AI certainly has an important role to play in these music systems, but not at the scope of generating the entire score. Its scope will be more narrowly targeted at the level of specific tools.
The Hybrid Approach
Our problems fall into two overarching categories: sync and musical flexibility.
Even if we had perfect synthesis that could replicate the quality of recorded, performed and mixed audio, we would still need to solve the sync problem. How do we handle musical latency and tight sync in a musical way? I propose two solutions: sync the music to the game and/or sync the game to the music. The former we can achieve by doing some clever music editing on the fly driven by continuous gameplay predictions. For the latter, we can tweak gameplay and animations to align with sync points in the music.
Both sync approaches are useful in different scenarios. Syncing the music is more generally useful but it’s musically non-deterministic. Syncing the game is especially useful around tightly scripted moments without user control like cutscenes. Both can be used together as well.
Given that synthesis isn’t perfect, we want to preserve the musical flexibility of synthesis but with the quality of recorded audio. I propose a number of new paradigms for manipulating our audio in a musical way, combined with new tooling to enable those approaches.
Tightly Synchronizing the Music to the Game
Music Editor in a Box
Musical latency is necessary to prevent awkward musical conjunctions. That typically means quantizing transition points to metric boundaries like the downbeat of a measure. If we could instead transition on an arbitrary beat within a measure, we’ve reduced our latency from up to measure to up to a single beat. If we could do a fraction of a beat, even better!
Traditional media composers and music editors actually do this sort of thing on a regular basis. In their quest to align with specific synchronization points or to adjust existing music to fit a new edit of a film, composers will shorten or elongate bars, resulting in somewhat odd time signatures in the midst of an otherwise steady click. Rather than simply waiting for the next possible transition, we should attempt to shorten that duration by music editing on the fly, with constraints on what precisely that means.

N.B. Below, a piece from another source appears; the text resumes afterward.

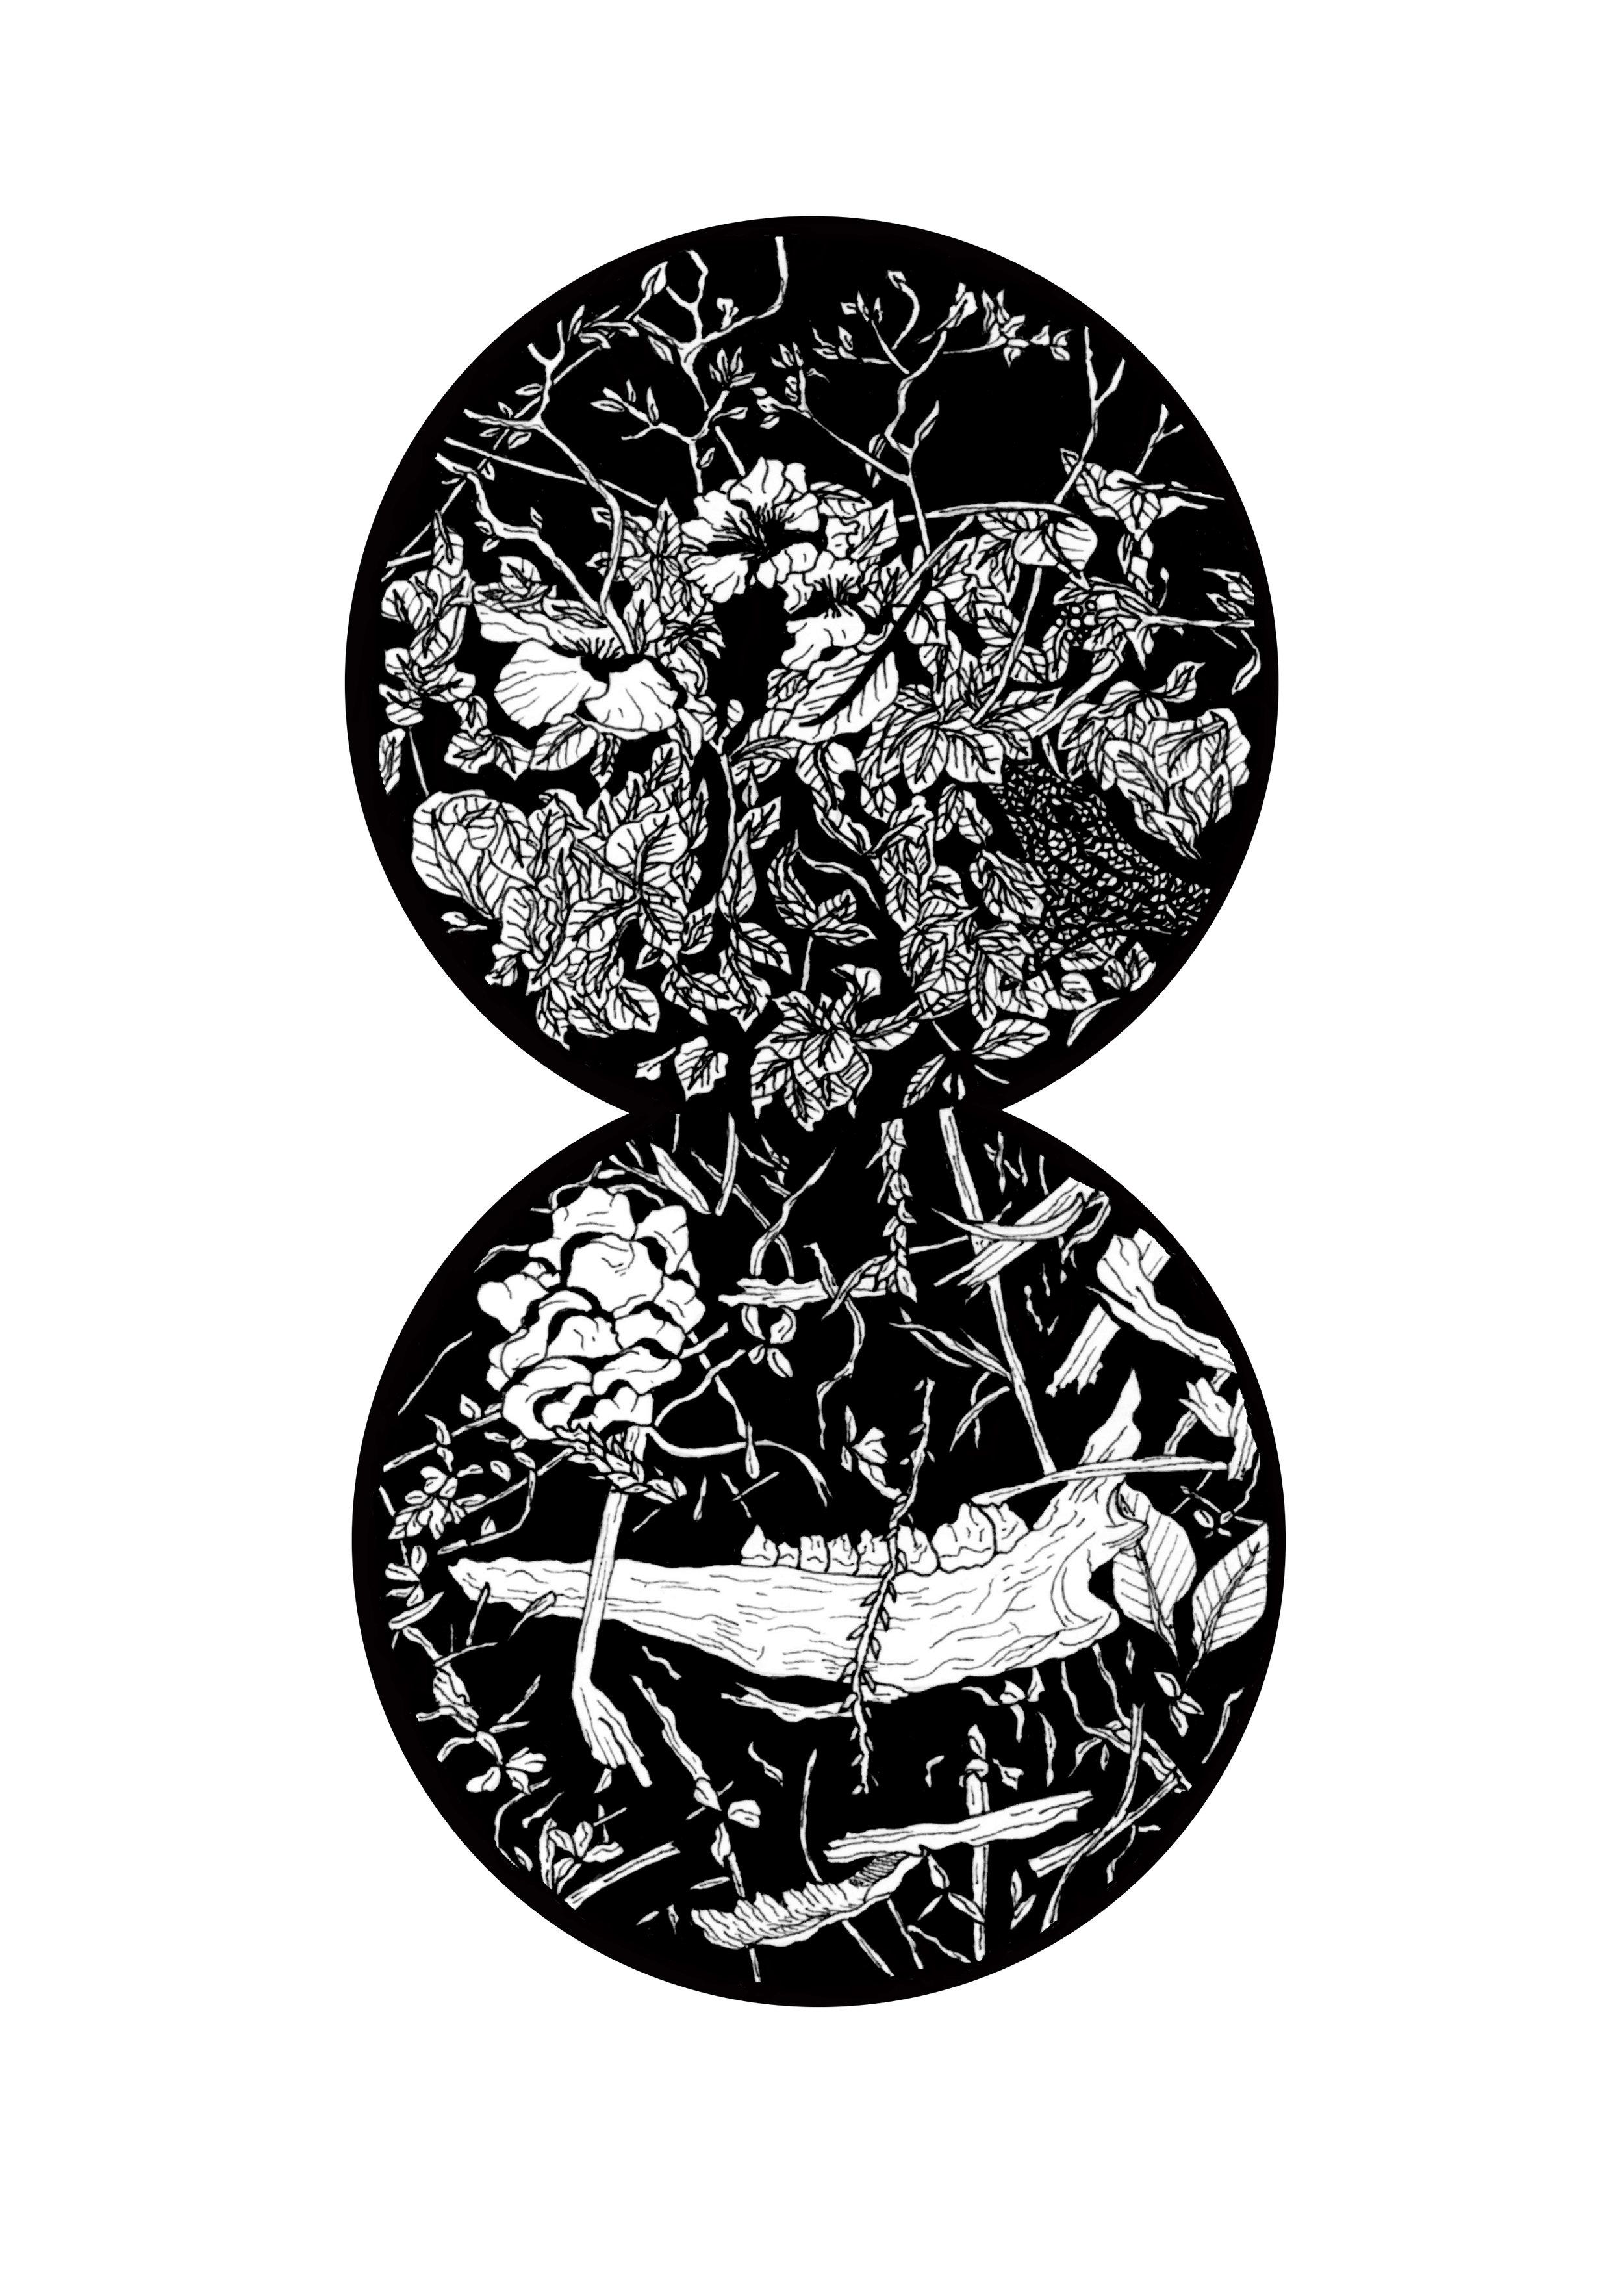 We Were Here: Snake/Mandible | NATALIE VESTIN  Ink on paper, 4 1/2 x 6 in., 2016

A potential way to approach this problem could be borrowed from the image processing domain. Seam carving is a dynamic image processing algorithm for resizing images while preserving important content. It works by removing a contiguous squiggle of pixels with the “least energy.” Finding a musical equivalent algorithm to remove subdivisions of a phrase while preserving its fundamental character should be possible. In the worst case, this can be a composer-defined plan on how to shorten or extend phrases on a track by track basis.
Predictive Game Engine
The more advanced notice we get that our transition is coming, the more we can prepare. If the engine can give us a prediction of when certain game events will occur, we can start the transition early optimistically. We can use tools like our music editor in a box to adjust the measure durations, either by removing a few beats here and there or by inserting beats.
These predictions would need to either be fairly conservative so we don’t get many false positives, or the transitions themselves need to be cancellable. In the latter case, we would want an aborted transition to be as musically seamless as possible. If the player is about to deliver the killing blow, perhaps the music starts swelling because the engine has predicted they’re about to succeed. If they suddenly died, the music likely needs a way to abort the transition into some other musical moment.
Tightly Synchronizing the Game to the Music
Most of the time, our goal is to synchronize the music to the game. At times, it’s easier to adapt the game subtly to align with the music. Musical latency is a locked-in fact. We can take steps to reduce it but it will always be there in some small amount. If we can measure how much time until we hit our musical sync point and the same for our visual sync point, we can try to adjust the game to bring them closer together.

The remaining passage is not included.